Carefully creating a healthy soil that would feed our baby lettuce plants, as we did on the field school, was a process that was foreign to me. I often lack the chance to get my hands in the soil, to reach into the other end of the food chain.

The industrial food system from which many of us get our food obscures our relationship with the soil. I already knew this, but something else has dawned on me. The industrial food system is itself isolated from the soil. It doesn’t understand it. It only looks for the next chemical fix to try to jumpstart it into productivity.

The food systems out of which biochar and the sustainable Yana Allpa dark earth were born, on the other hand, are based in reciprocity and respect, and serve to continuously regenerate rather than rapidly deplete mother earth’s bounty.

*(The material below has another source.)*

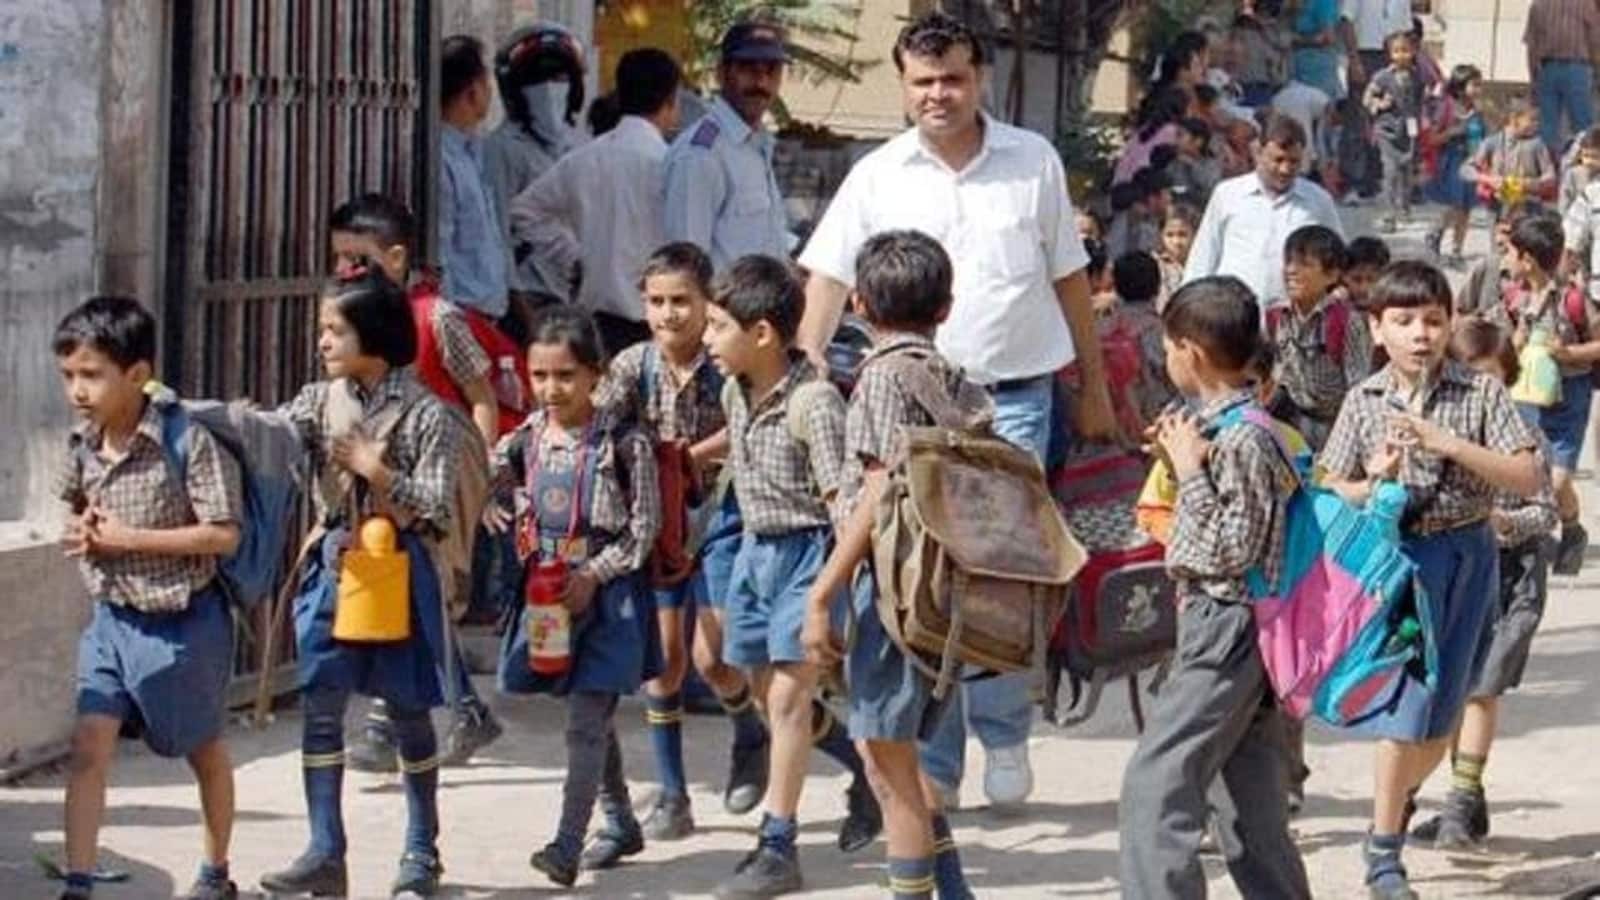 Haryana Schools Timings Changed: जानिए 1 जुलाई क्या होगी नई टाइमिंग? |

On the last day of the field school, I return to the chacra-huerto and find that our lettuce plants have already grown big over the last two weeks. I marvel at them, and I marvel these Indigenous relationships with the soil that we have been fortunate to start to comprehend.

I sniff the air. The neighbour is burning vegetation again. While I’m saddened to think about all the problems across the world resulting from unhealthy relationships with the soil, I realize that along with our little lettuces, a coconut of hope has been growing in my heart.

“Well,” I think aloud to myself, recalling Caleigh’s uplifting comeback, “there’s biochar!”

Photo by Inanna Sokil: Student and author of the post Mike Graeme sniffing some fresh lettuce plants

[1] Mann, C. C. (2012). 1491: New Revelations of the Americas Before Columbus. New York: Knopf.

[2] Davis, W. (2002). The Clouded Leopard: Travels to Landscapes of Spirit and Desire. Toronto: CNIB.

[3] Pollan, M. (2016). The Omnivore’s Dilemma: A Natural History of Four Meals. New York, NY: Penguin Books.